Just to be clear, I really like the CV2010 specifically -- while I know that e.g. the CV2A10.BA0796 is larger, I much prefer the simplicity of the face of the CV2010 and personally really dislike when numbers 05-60 are shown like that on the CV2A10.

*2: *How sensitive is this watch for scratches and bumps on the edges of the case? It looks a little fragile compared to e.g. the Certina pictured above since the tachymeter with its black surface is hardly protected with any stainless steel frame at all.

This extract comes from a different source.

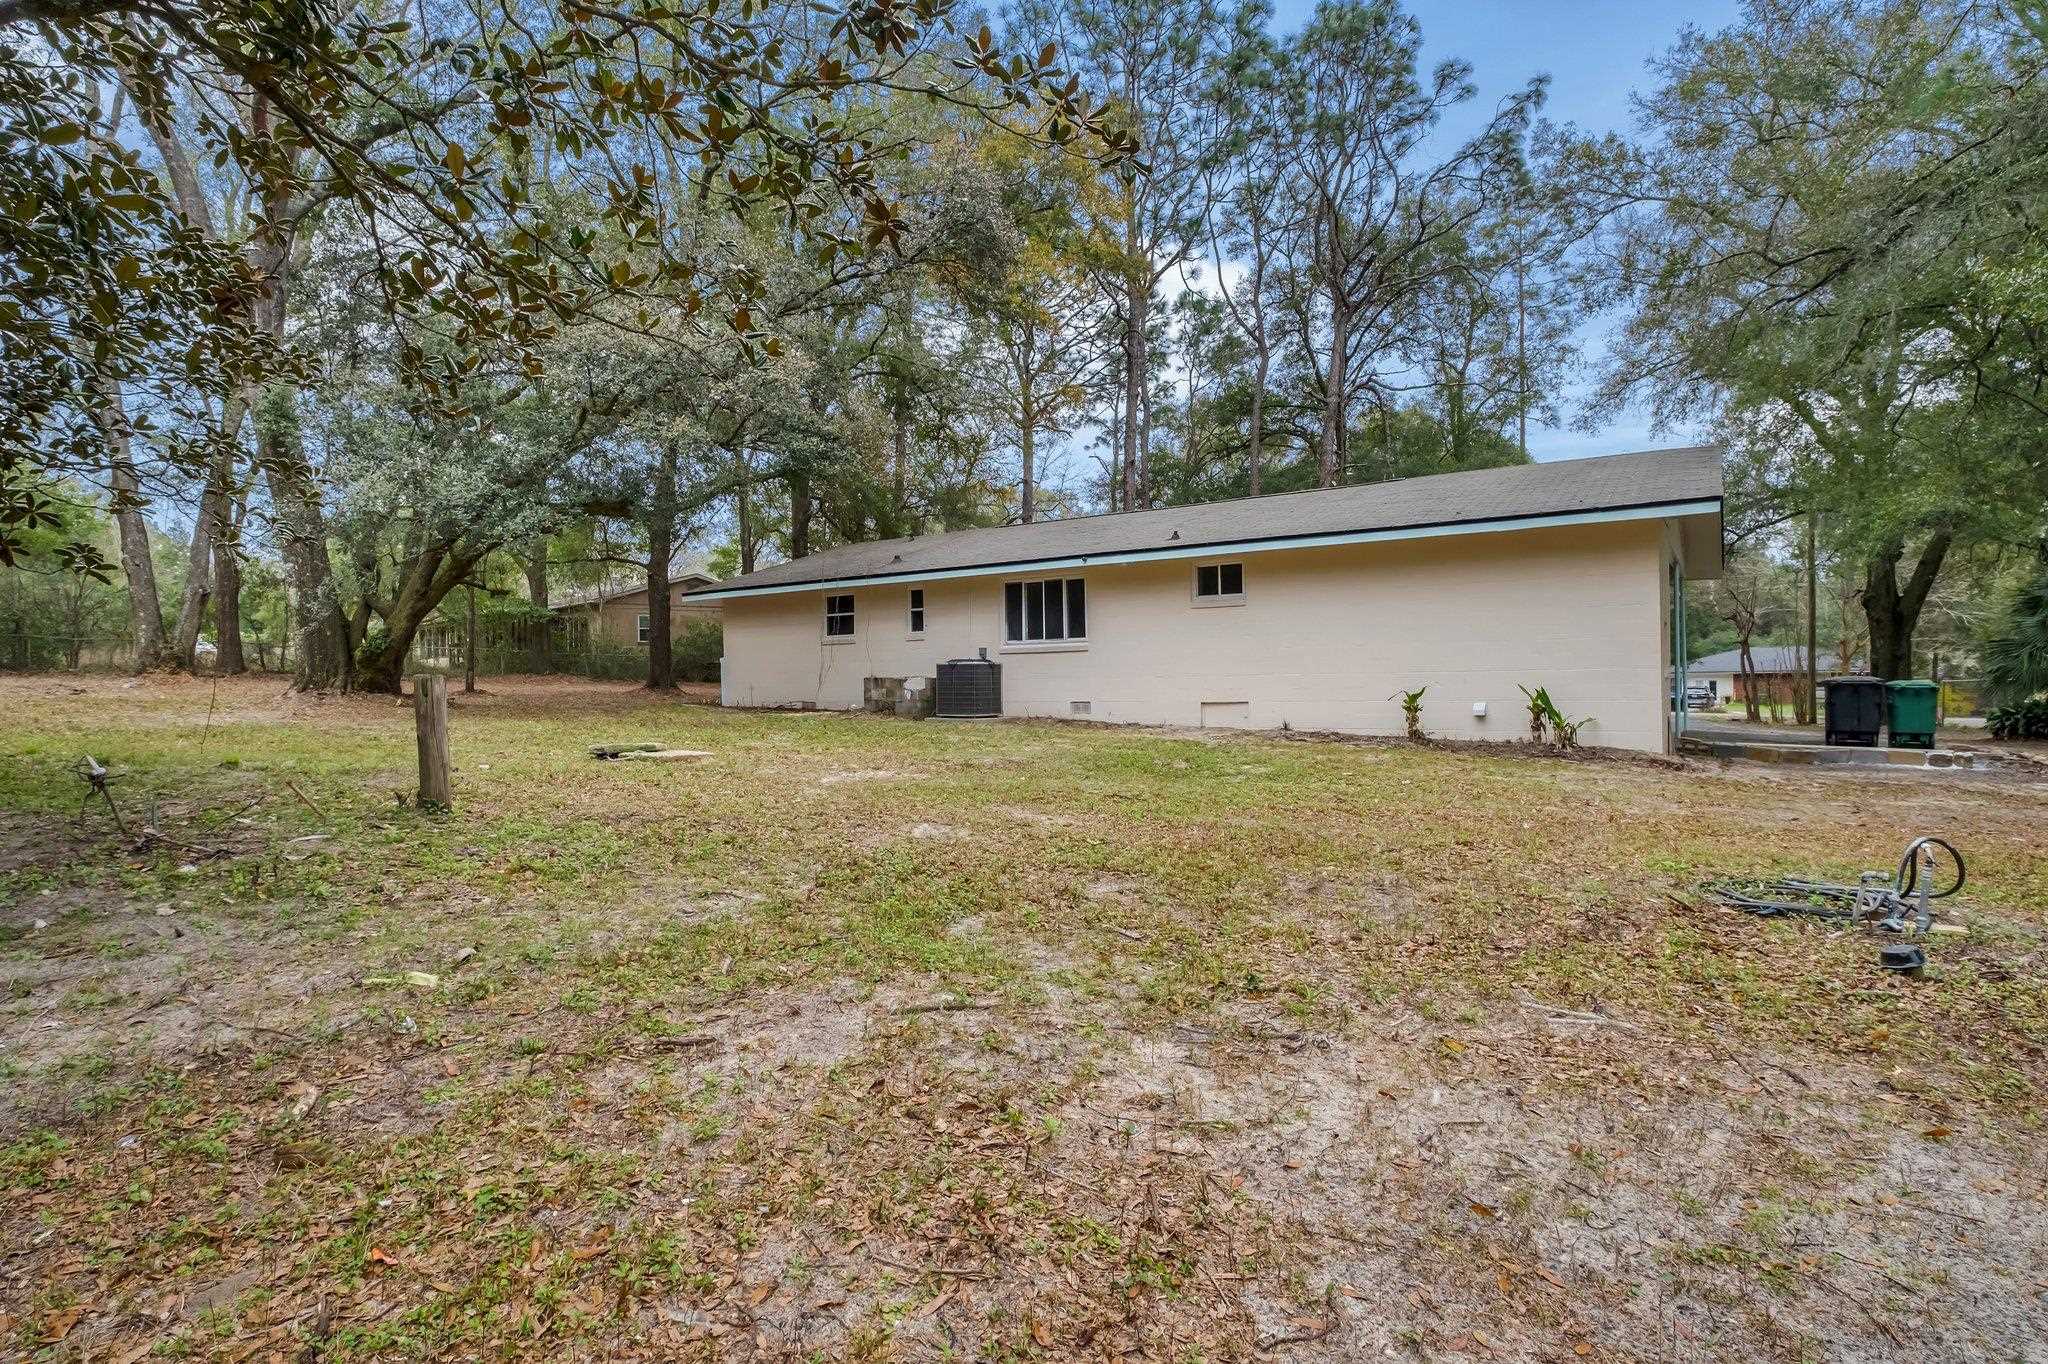 520 Patty Lynn Drive,TALLAHASSEE,Florida 32305,3 Bedrooms Bedrooms,2 BathroomsBathrooms,Detached single family,520 Patty Lynn Drive,369923

Owners of this watch, how happy are you with how it's been holding up over the years/months? How much do you use it? And do you have any good photos of how it looks like today and if there are any visible damages?


----------



## vanilla.coffee (Feb 27, 2011)

Have you been to an AD and tried a Carrera for size and feel on your wrist?
If not - do that.

My Carrera 2014-2 has been my daily wearer since October. No dings or marks on mine thus far.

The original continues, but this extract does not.